- [Supplied material]
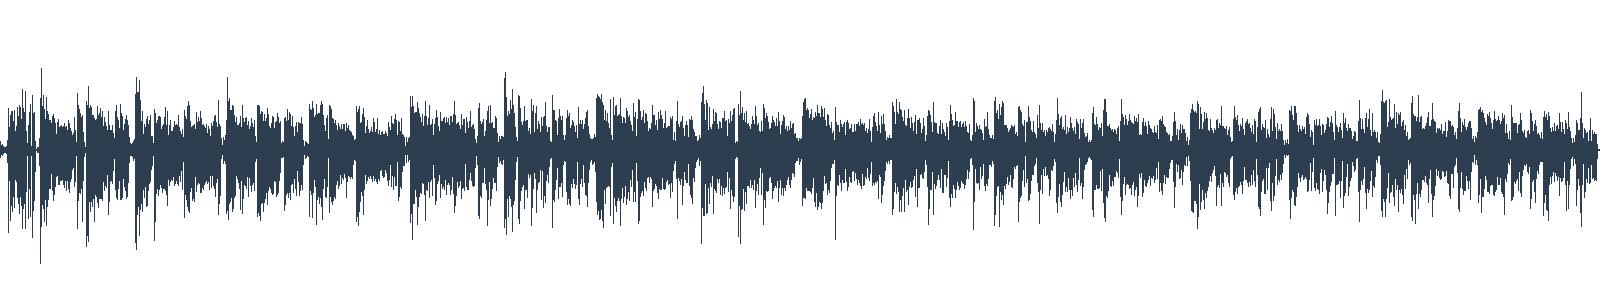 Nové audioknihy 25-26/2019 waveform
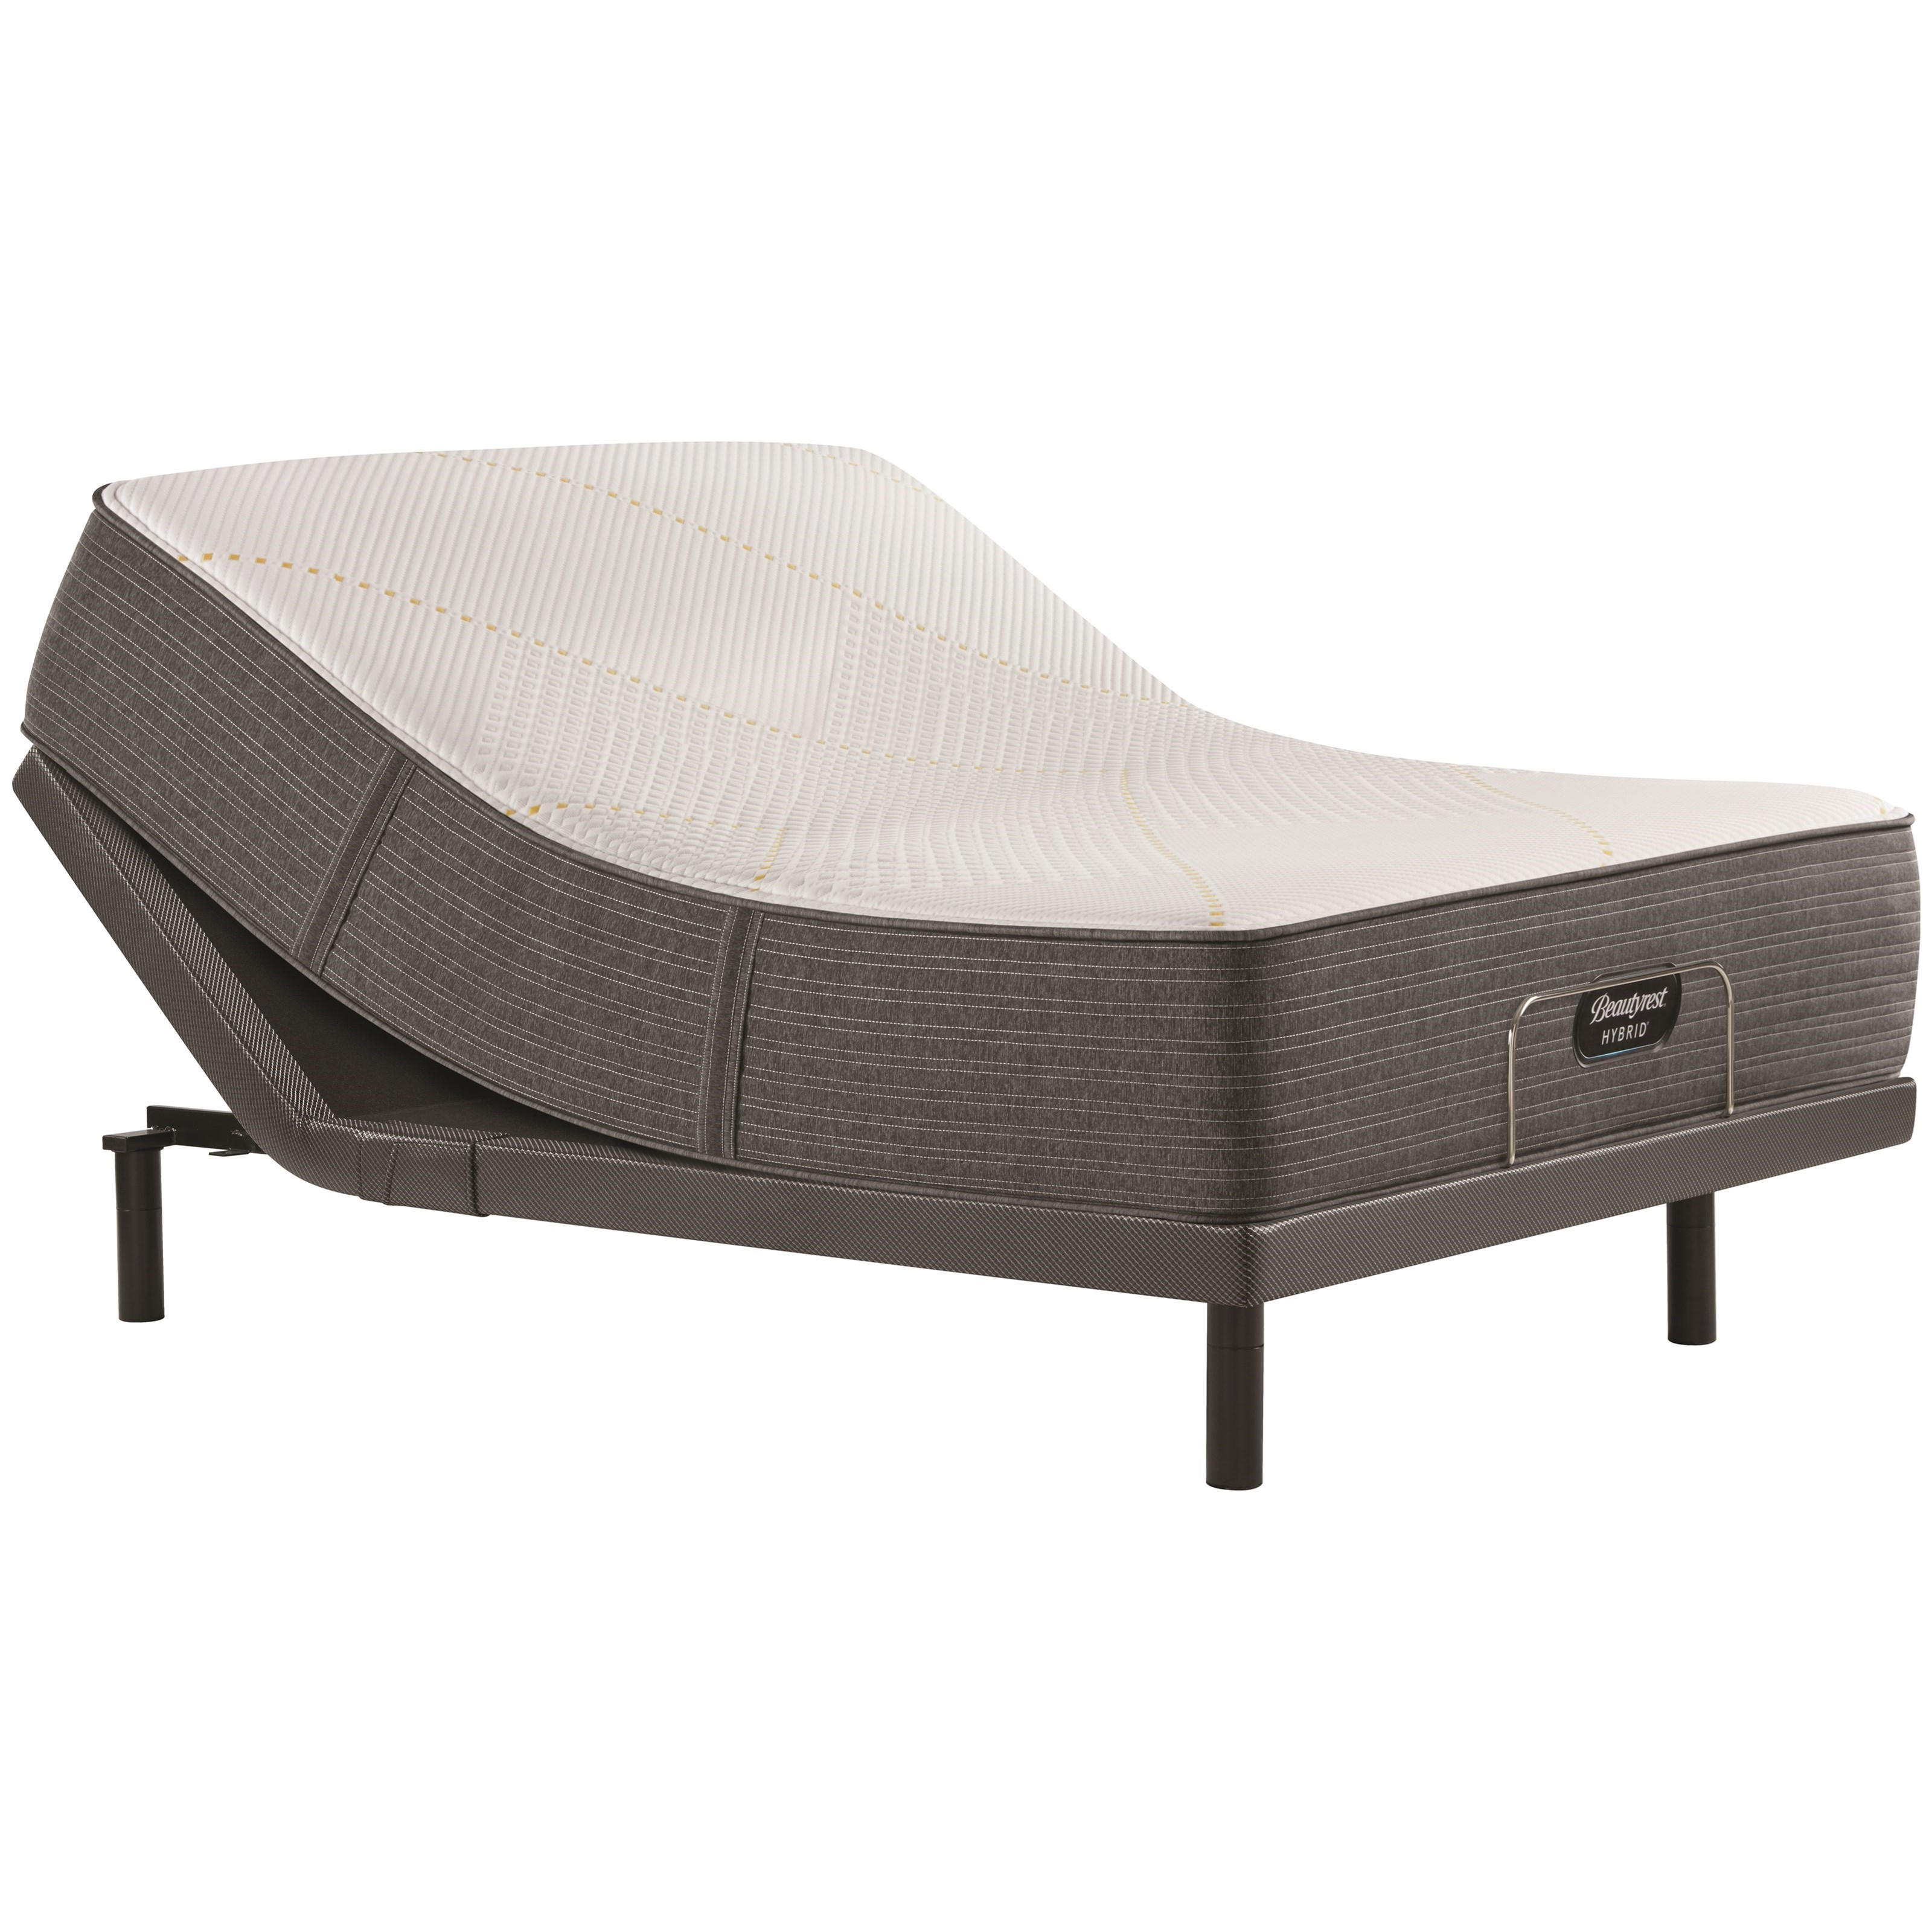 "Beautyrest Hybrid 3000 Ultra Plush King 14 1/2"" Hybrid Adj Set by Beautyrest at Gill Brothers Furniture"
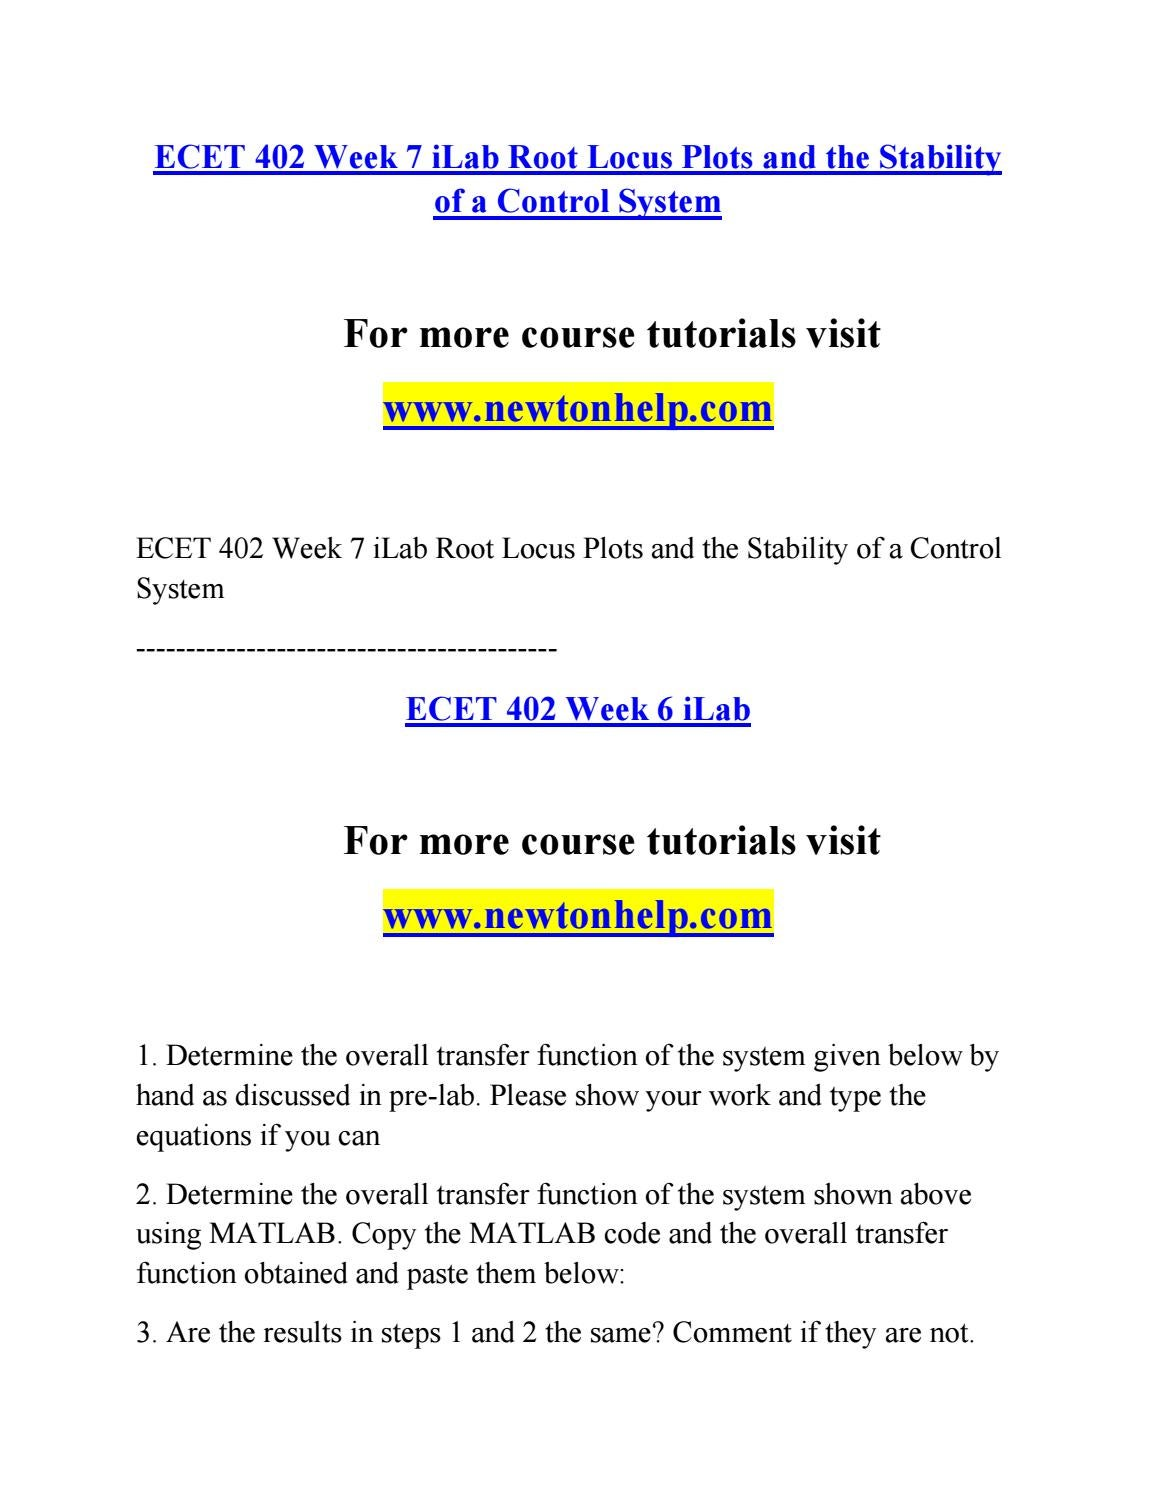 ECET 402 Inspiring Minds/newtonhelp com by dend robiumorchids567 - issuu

- [Assignment] Give back the whole listing exactly; no pictures.

- [Expected output]
 Nové audioknihy 25-26/2019 waveform
 "Beautyrest Hybrid 3000 Ultra Plush King 14 1/2"" Hybrid Adj Set by Beautyrest at Gill Brothers Furniture"
 ECET 402 Inspiring Minds/newtonhelp com by dend robiumorchids567 - issuu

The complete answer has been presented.